Group of people lifting weights.

If you’re over the age of 50, bone density is probably something your doctor has discussed with you, or at least, it should be something that’s been discussed.

While you may know it’s important to increase bone density, or at least maintain it, with age, do you know how to achieve that?

This article will explore bone density, how it changes with age, and what can be done to improve it.

How is Bone Density Measured?

Woman completing a bone density scan.

Measuring bone density is actually a measurement of “bone mineral density” often written as BMD.
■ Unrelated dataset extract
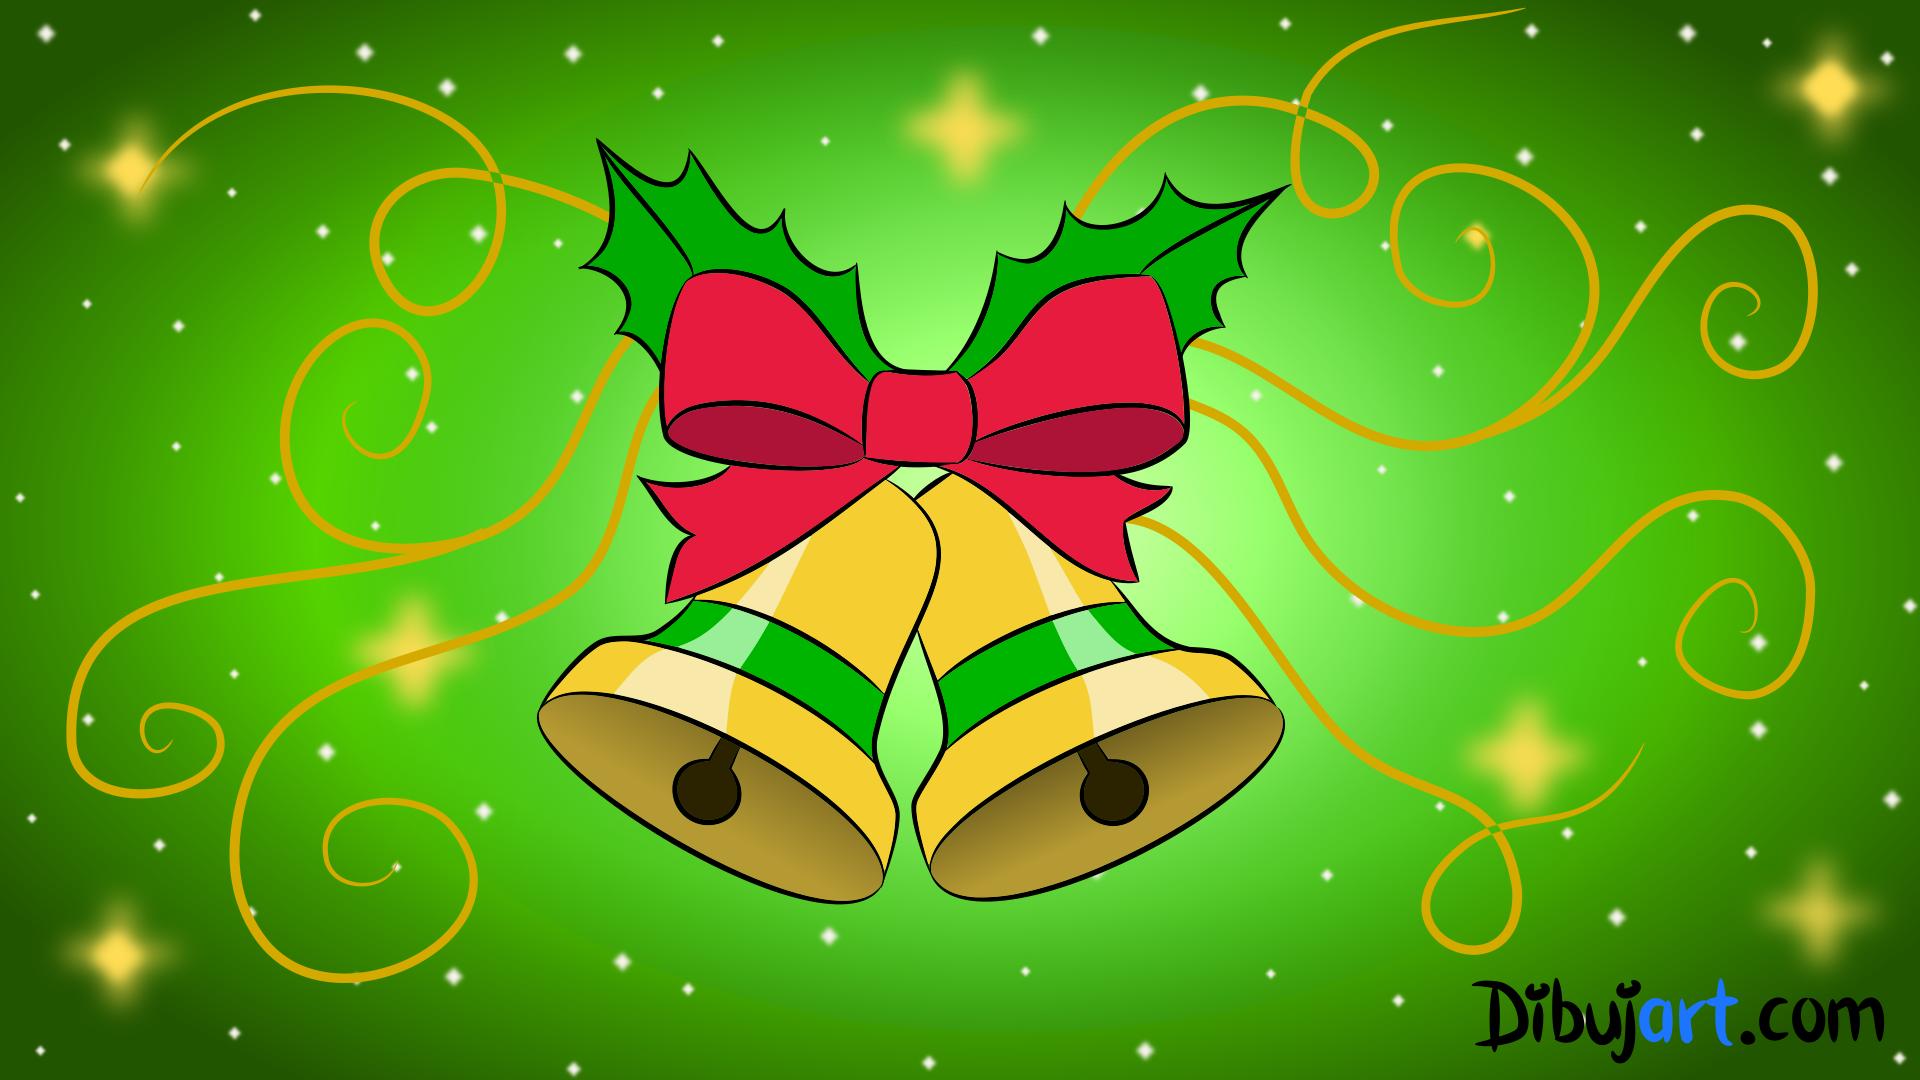 Cómo Dibujar Unas Campanas De Navidad Paso A Paso Dibujartcom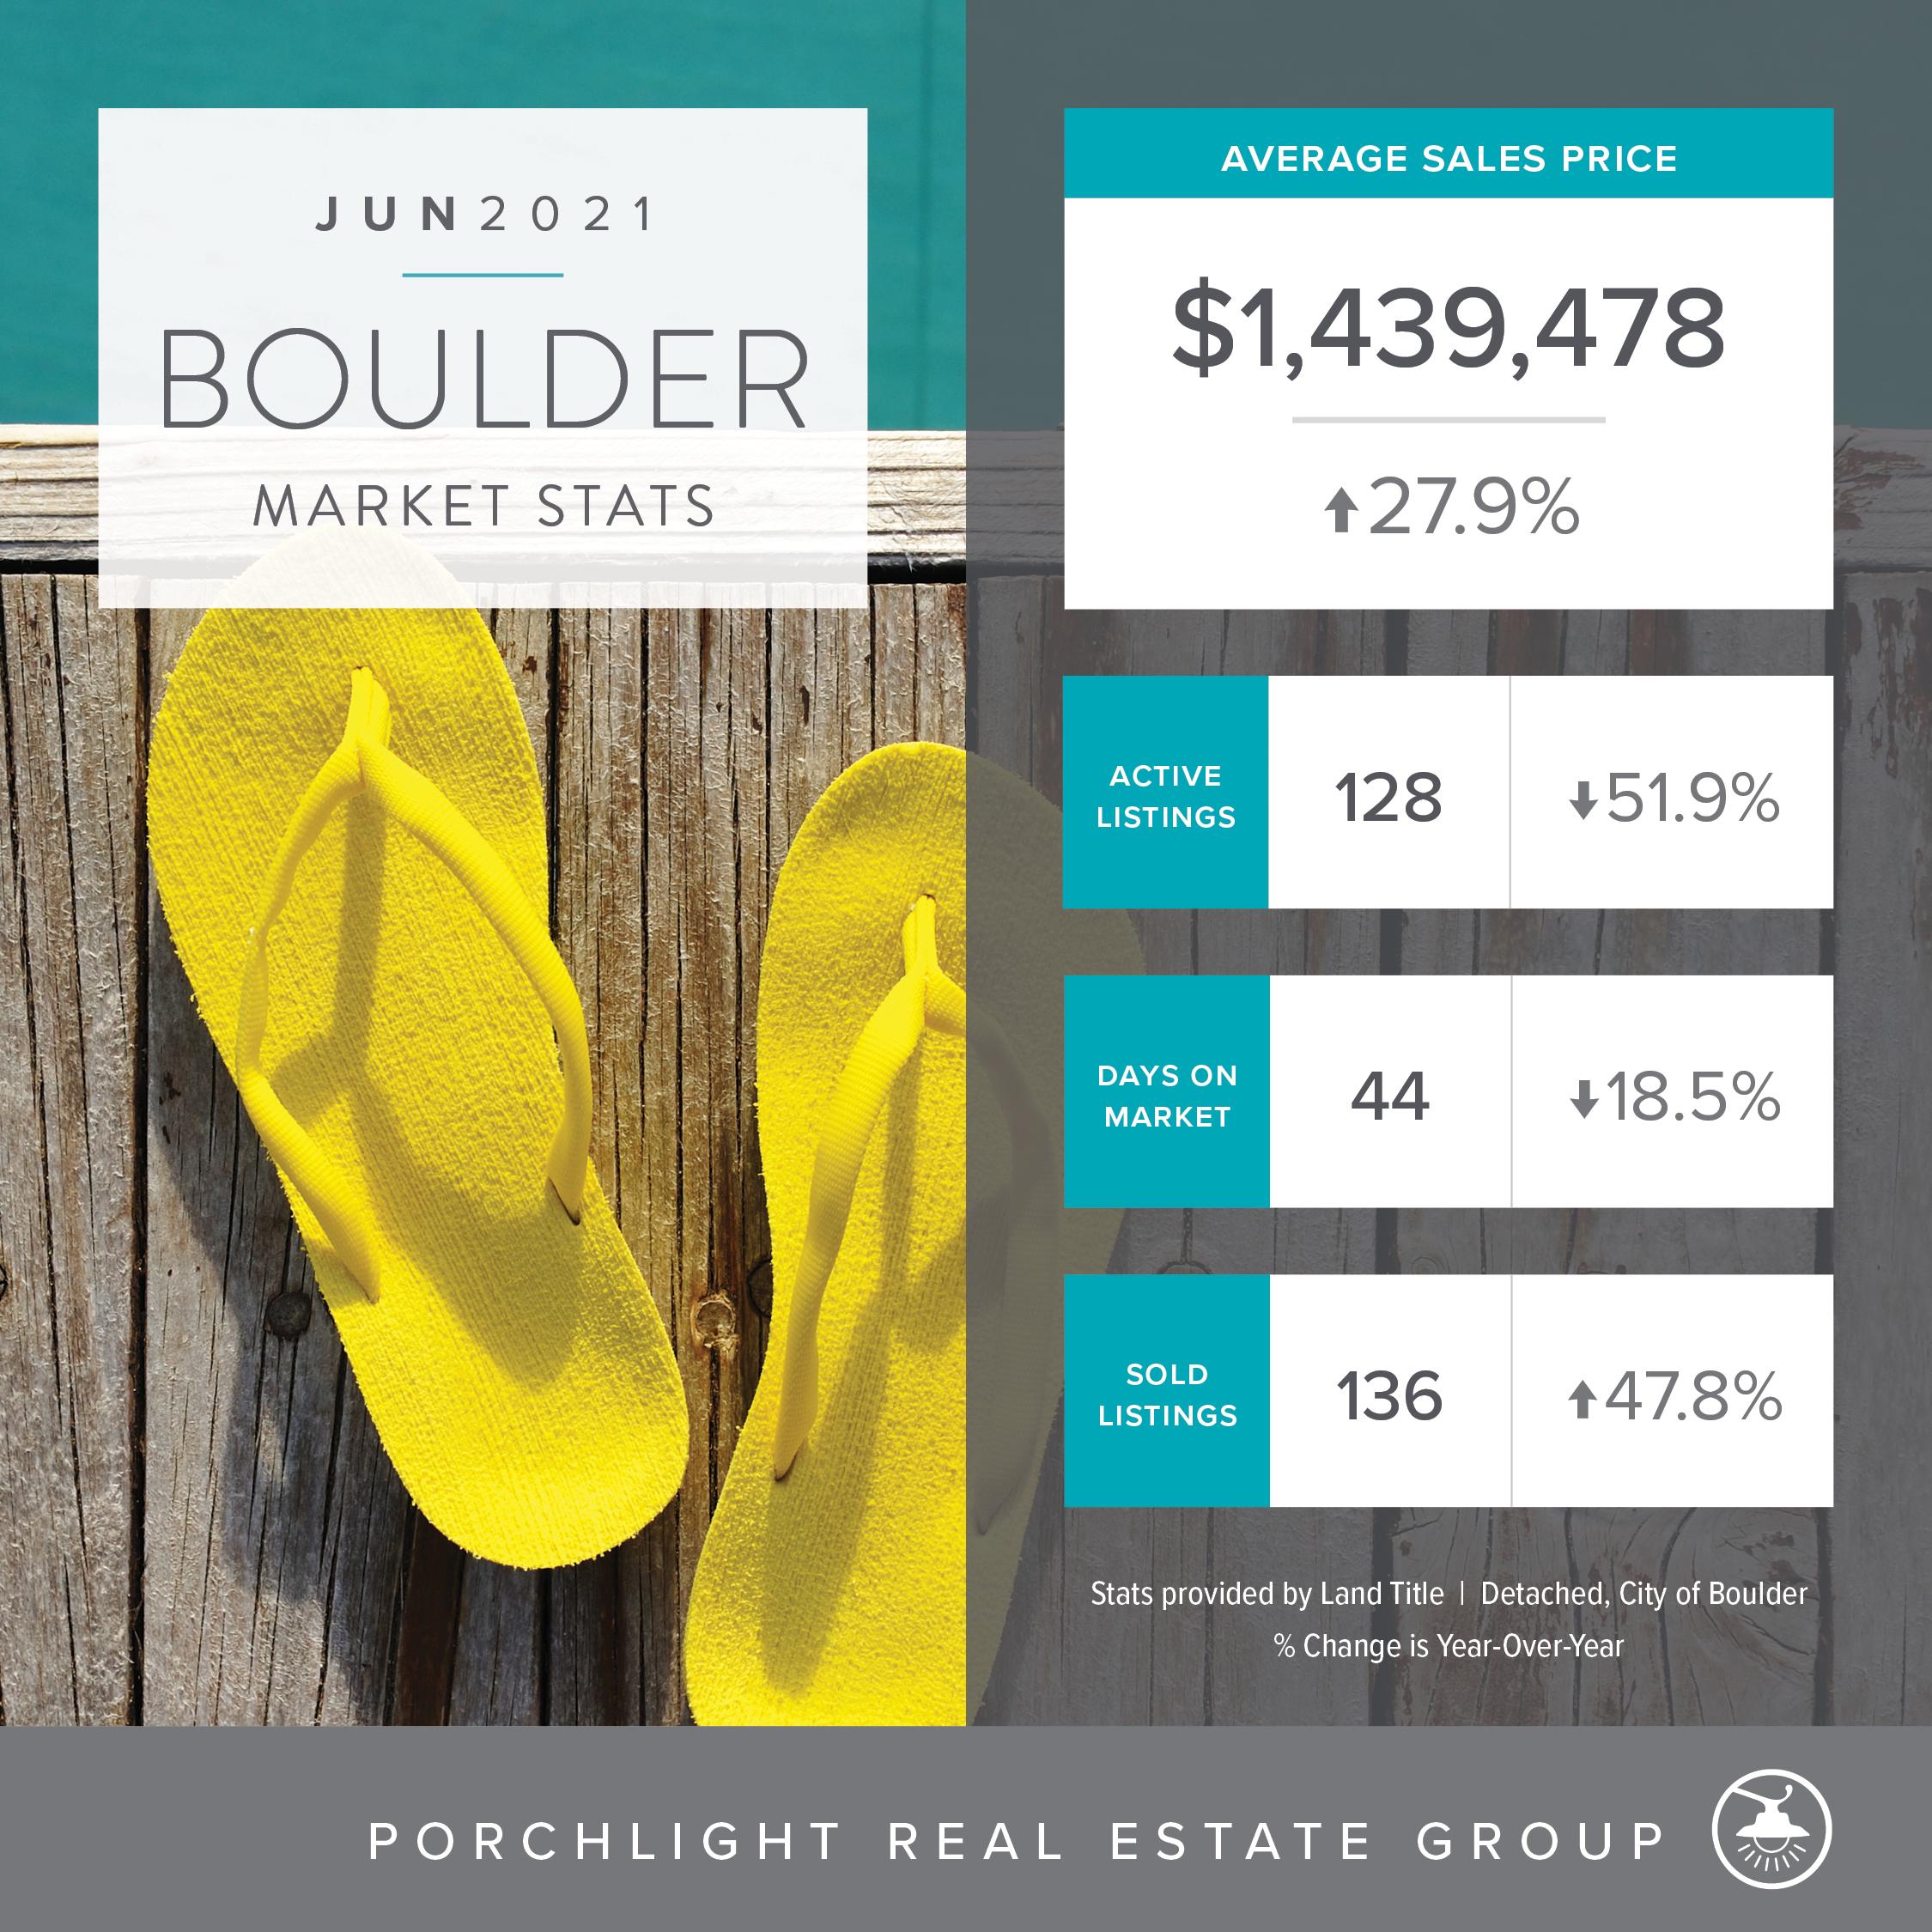 Boulder Real Estate Market Stats June 2021, PorchLight Real Estate

If you’ve gone to your local pharmacy and placed your hand or finger in a scanning machine, you’ve done what’s called a peripheral bone density test.1

Peripheral tests (called that because they are measuring BMD in the periphery versus the spine) are primarily used as screening tools. If this test indicates that you may have lower bone density, then the clinician conducting the test will likely refer you to get a central DXA scan (pronounced dexa).

DXA stands for central dual-energy x-ray absorptiometry. This test is painless and is similar to getting an x-ray done. This test scans the BMD in the spine and the hips and helps determine if you have low bone density and/or osteoporosis.

T Scores

Woman reviewing with doctor bone density test results.

The results of a DXA are given in the form of a T score. A T score is a scale which compares your BMD to that of a healthy young adult.

On this scale, zero represents the healthy young adult BMD and then scores are given in terms of standard deviations from zero. The lower the number, the lower the bone density.2

Scoring:

  • -1 to +1: Normal bone mineral density
  • -1.25 to -2: Osteopenia (also known as low BMD)
  • > -2.5 : Osteoporosis

What’s the Difference Between Osteopenia and Osteoporosis?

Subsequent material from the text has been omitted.